ProtectUK publication date
This advice will provide advice to security managers of Publicly Accessible Locations following a change of the threat level to CRITICAL. There are a number of operational and tactical options to consider.

1. Introduction

Terrorism threat levels are designed to give a broad indication of the likelihood of a terrorist attack and are based on a range of factors including current intelligence, recent events and what is known about terrorist intentions and capabilities.

Information about the national threat level is available on the threat level page
 

2. Threat level definitions

There are five levels of threat which are defined below:

Threat level bar chart

Should there be a change in the threat level, it is recommended those responsible for security review their plans and operations. They may also wish to consider the options outlined below.

3. Building response levels

Building response levels within an organisation provides a general indication of the protective security measures that could be considered and applied to a site or building. They are informed by the UK threat level, but also take into account specific assessments of vulnerability and risk. In the event of an incident or change to the UK threat level, individual sites or buildings should conduct their own dynamic risk assessments and apply appropriate protective security measures.

There are three levels of response: EXCEPTIONAL, HEIGHTENED and NORMAL.

Response levels equate to threat levels and tend to relate to sites, whereas threat levels usually relate to broad areas of activity. There are a variety of site specific security measures that can be applied within each response level, although the same measures will not be found at every location. The security measures deployed at different response levels should not be made public, to avoid informing terrorists about what is known and what action are being taken.

The security measures deployed by a site / building at the different response levels should not be made public.

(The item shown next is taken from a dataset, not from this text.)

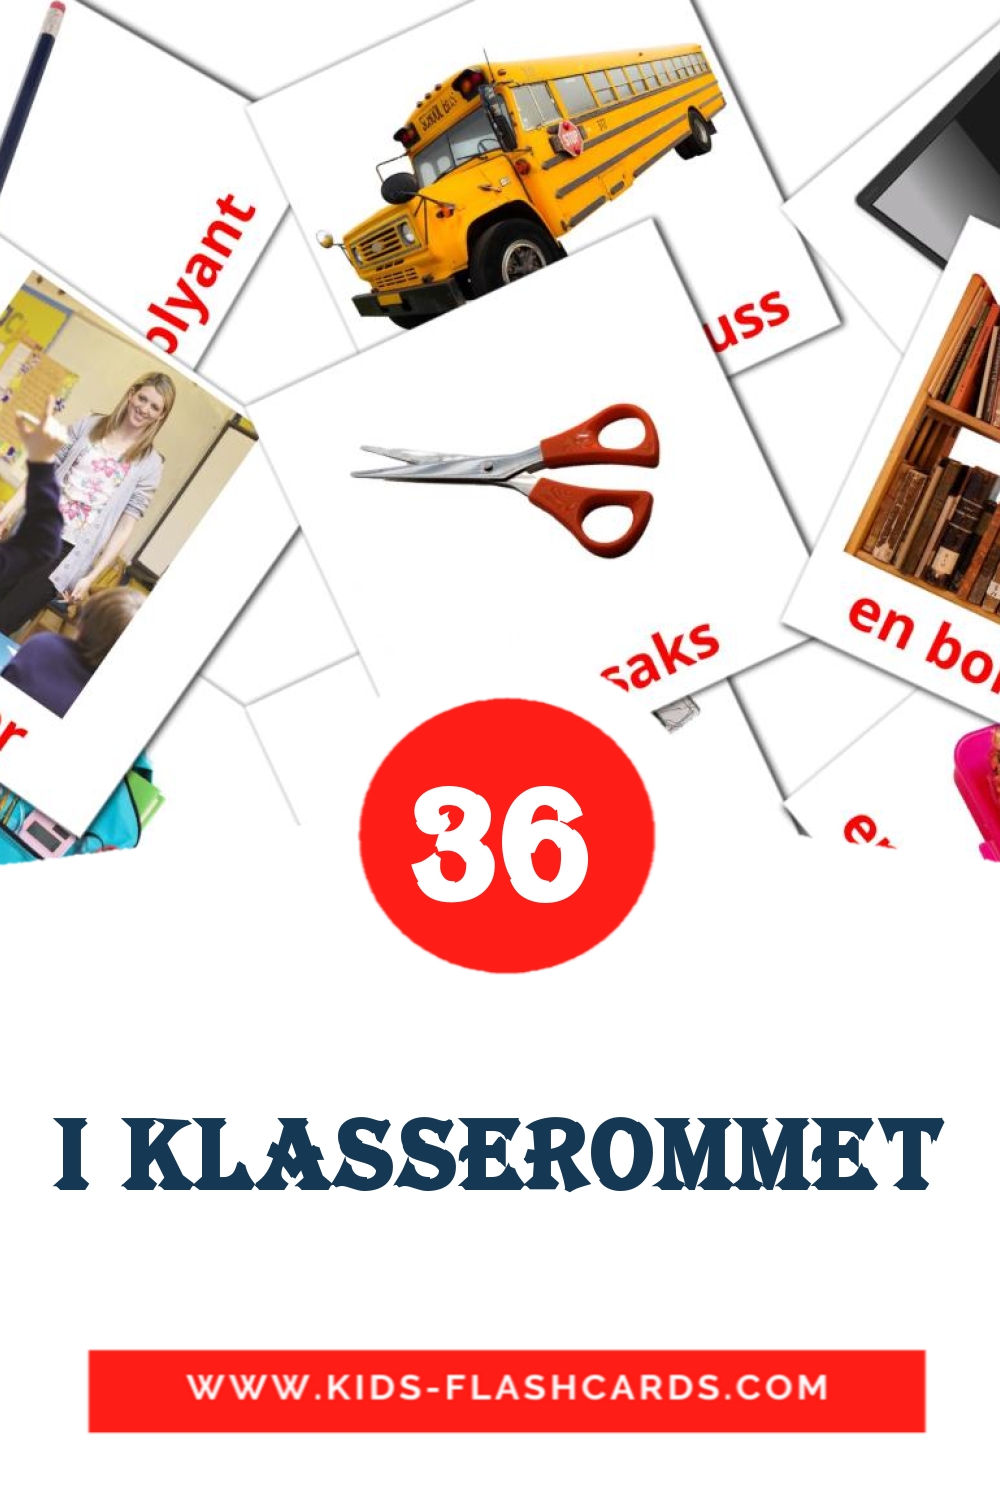 36 tarjetas didacticas de I klasserommet para el jardín de infancia en noruego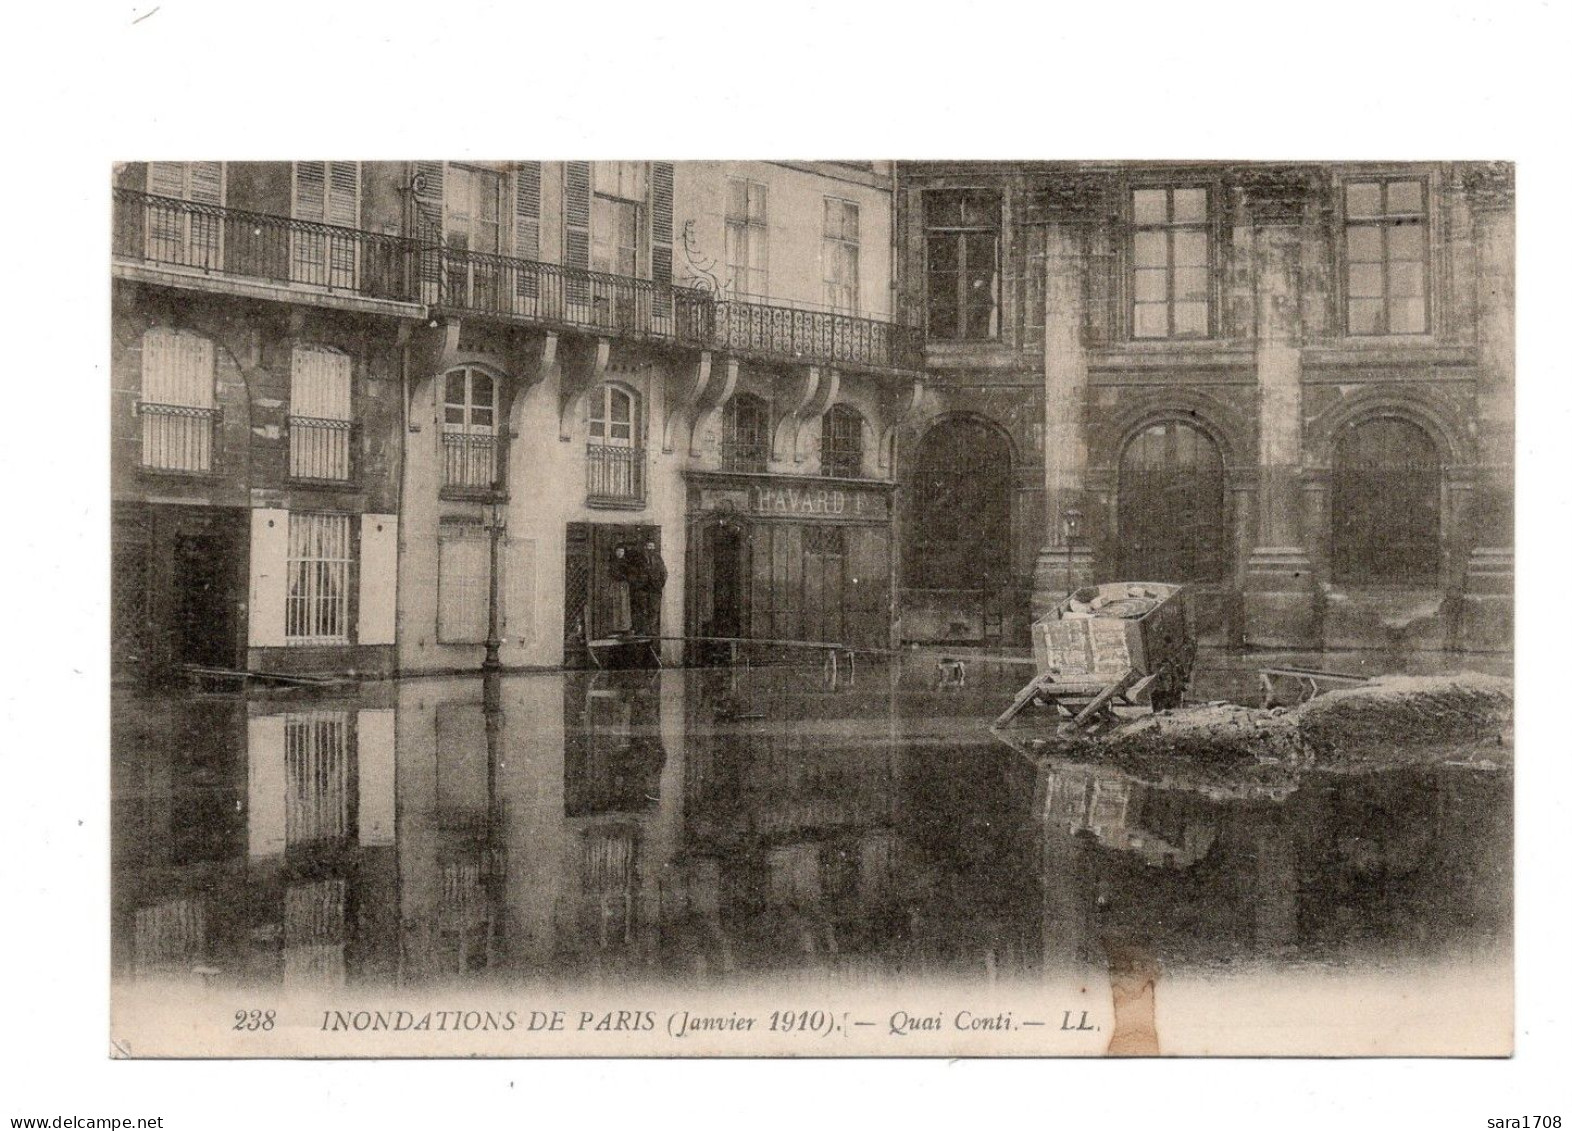 PARIS, Inondations De 1910. Quai Conti. - Paris Flood, 1910

This is to avoid equipping terrorists should they be conducting hostile reconnaissance 

Building response level / UK threat level

4. Additional information

There are practical actions you can take to improve the security of a venue:

4.1 Risk assessment

  • carry out a risk assessment that is specific to the venue

 

4.2 Building response level

  • regularly review the response level for the site or venue at security meetings

  • clearly display signage informing staff of the building response level. This should not be displayed in public areas or be within their view

 

5. Security guard force: posture and activity

Proactive engagement and staff briefings: One of the most effective measures to deter terrorists and wider criminality is a competent security guard force who appear vigilant and proactively engaged with the public. Terrorists and criminals generally feel uncomfortable and exposed when approached by a security officer, albeit politely, particularly if they are conducting hostile reconnaissance. This intervention casts doubt about the success of their attack planning. Staff briefings will allow your security officers to understand the importance of proactive engagement and they should be encouraged to do this where practical and reasonable to do so. For example, should security use a vehicle, and patrol areas such as car parks, then park and leave the vehicle for a short period in order to engage with people. This may be as simple as saying, “good morning”.

 

Unpredictable security measures: Unpredictability results in the uncertainty and erosion of confidence in the mind of the terrorist, who needs to encounter predictable security arrangements in order to feel assured of success. Wherever possible, introduce unpredictability into the security regime; for example, change patrol patterns, timings and search regimes. 

 

'Recruit’ staff to be vigilant and immediately report suspicious activity and items: use existing staff communication channels, such as shift briefings and the intranet, to inform your staff what suspicious activity may look like. Encourage them to trust their instincts and report anything suspicious immediately to the security control room/police. In these communications, reinforce the message that reports will be taken seriously and be investigated. Where possible, highlight examples where previous staff reporting has led to positive outcomes; this helps promote confidence.

 

The protective security measures implemented at each building response level are a matter for each individual premises or organisation and will differ according to a range of circumstances. It’s advised a menu of options should be identified in advance of any change in national threat level or building response level, and should be clearly notified to those staff who are responsible for ensuring compliance. It is important to train staff and to conduct rehearsal exercises for each building response level.

 

The checklists below provide a number of protective security options you may wish to consider.
 

6. Security checklist

6.1 Initial actions

  • Review security plans

  • identify the risks based on the current UK threat level

  • review Business Continuity Plans

  • decide what is needed to protect, identifying critical operations and functions

  • increase staff vigilance – through appropriate briefing mechanisms

  • review evacuation, invacuation and lockdown procedures. Make sure there are plans for vulnerable staff and visitors. Have you designated marshals to support this activity?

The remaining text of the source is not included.